Summary and conclusions

This study revealed behavioral and electrophysiological evidence for the influence of attention on resolving the input timing differences in a multisensory stimulus. We found that ERPs that were time-locked to the visual component of the audiovisual stimuli showed several attention effects. Of these, the amplitude of the attention effects on early latency components (posterior P1, anterior N1, and posterior N1) were modulated by SOA. Furthermore, attention effects on the posterior P1 and N1 components also occurred for unisensory stimuli. These P1 and N1 effects are therefore likely to be multisensory extensions of basic attention processes. In contrast, we observed a frontal N1 attention effect that was present only on the multisensory stimuli, and, particularly so, when the temporal alignment of the auditory and visual inputs was less than optimal. We therefore suggest that the frontal N1 effect might reflect the processing or adjusting for the temporal alignment of visual inputs to the auditory inputs.
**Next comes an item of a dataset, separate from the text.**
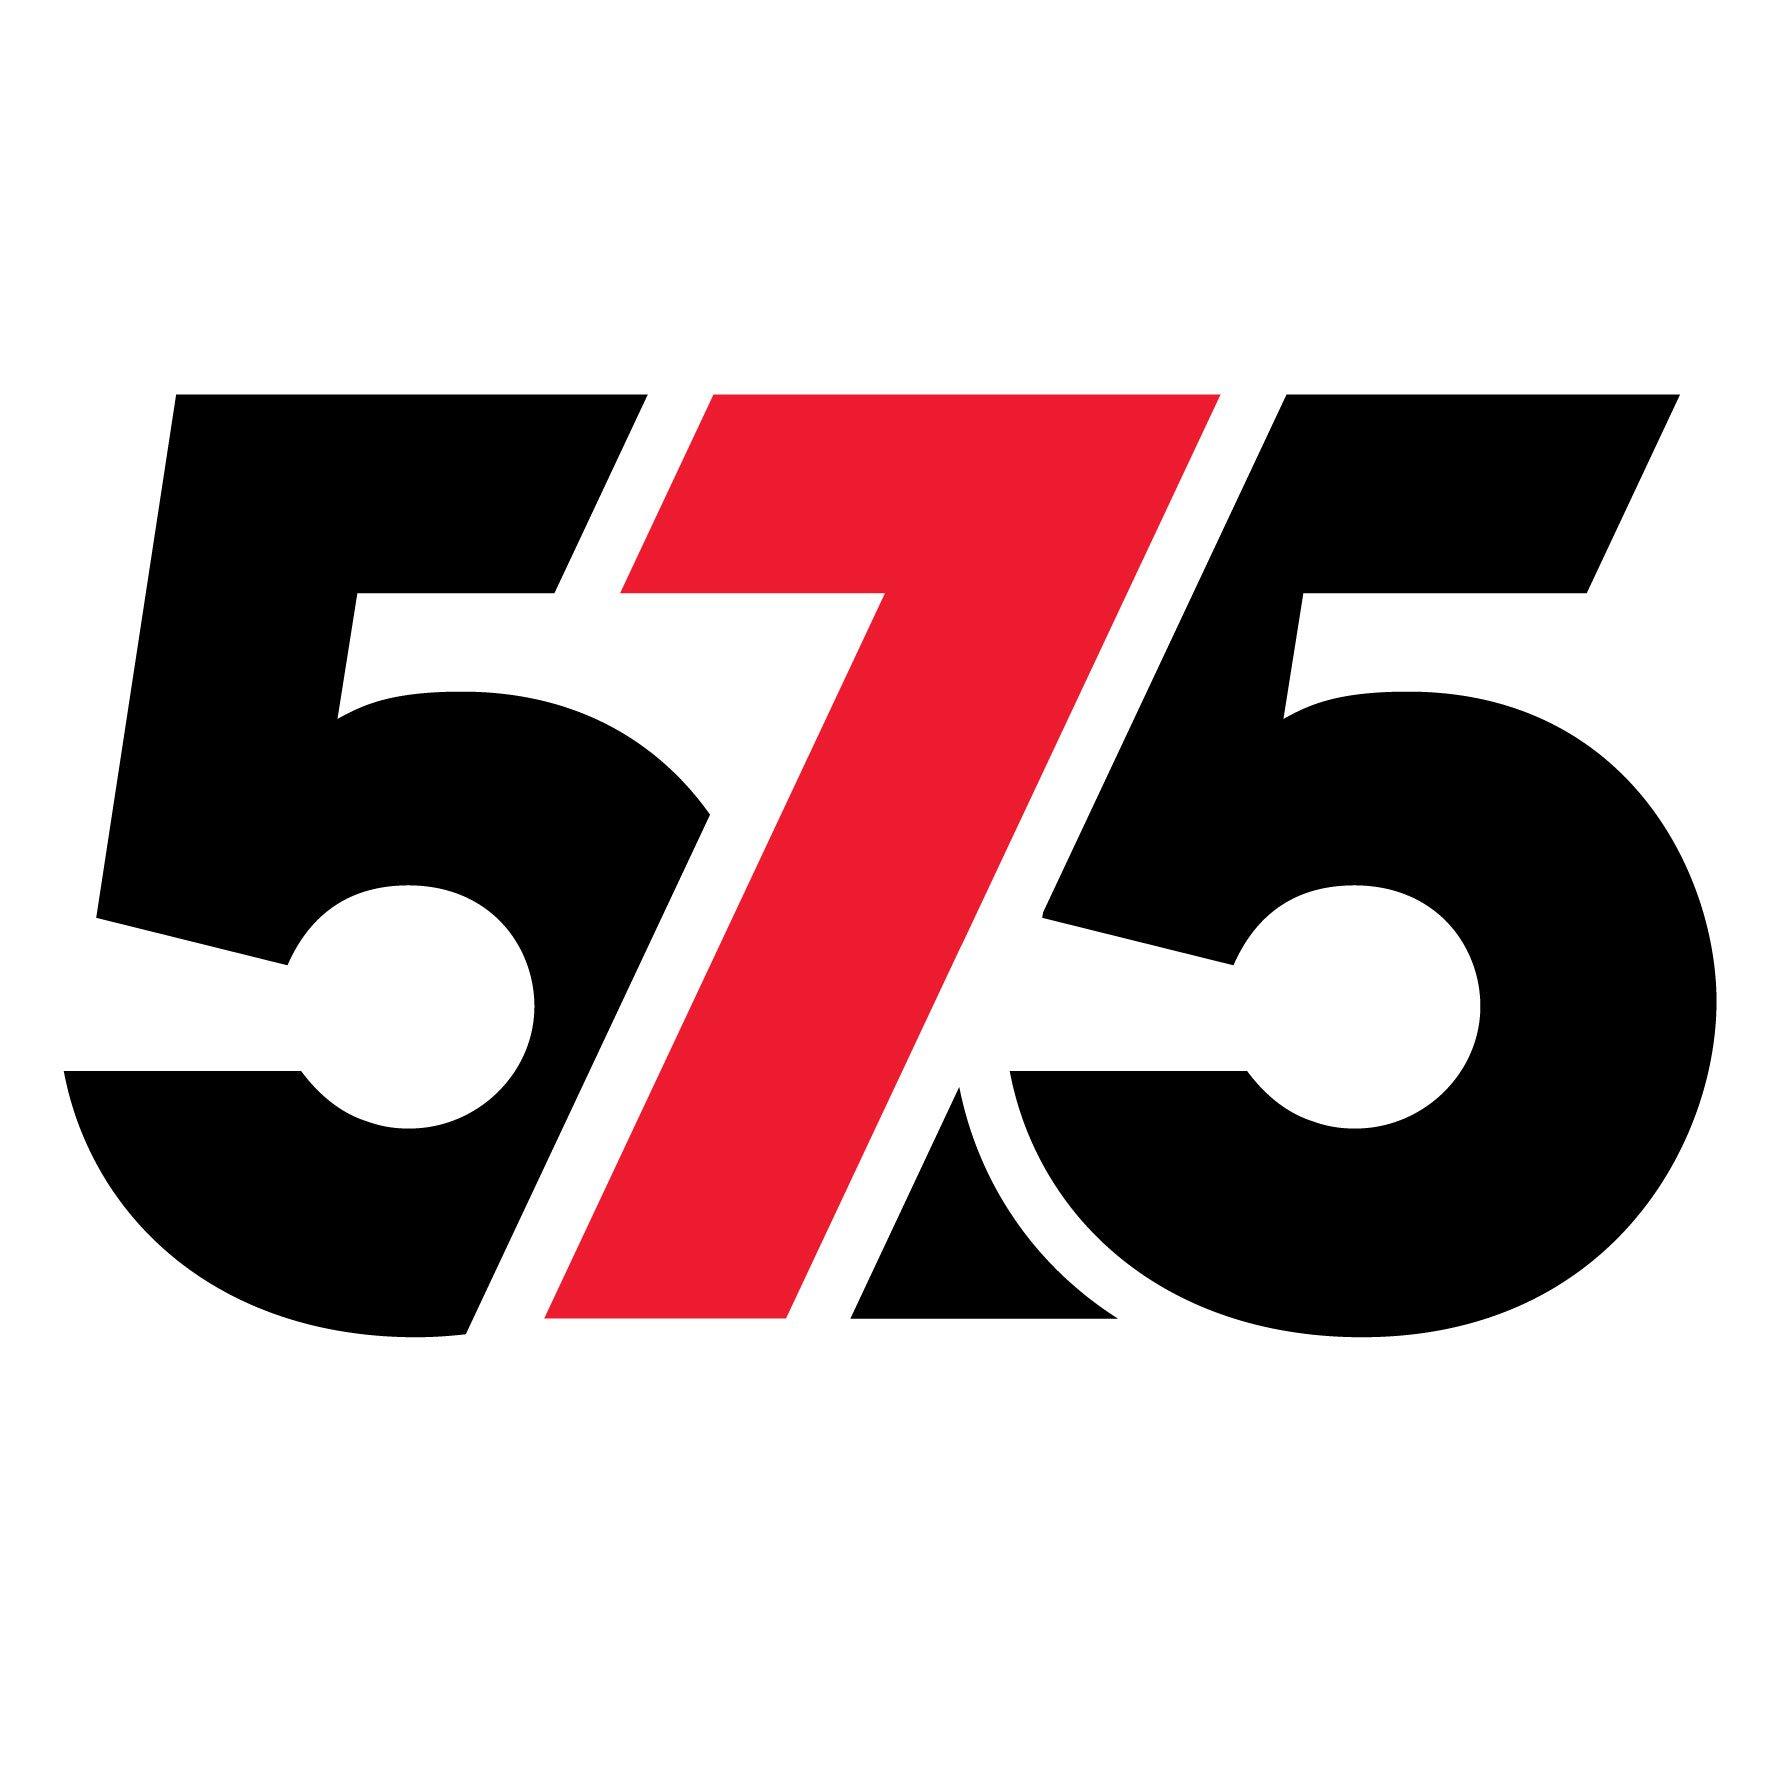 575 Triathlon

In contrast, a longer-latency attention effect, the occipital selection negativity, was not influenced by SOA. We conclude from these findings that even small temporal asynchronies, occurring within the temporal window of integration, are detected at early latencies, and that somewhat later in time frontal brain areas contribute to the processing and resolving of these temporal asynchronies. In contrast, a longer-latency attention effect, the occipital selection negativity, was observed for all SOAs and was not influenced by SOA, suggesting that by this time a stable multisensory representation had been established that was beyond influence from the within-integration-window asynchronies between the audio and visual inputs.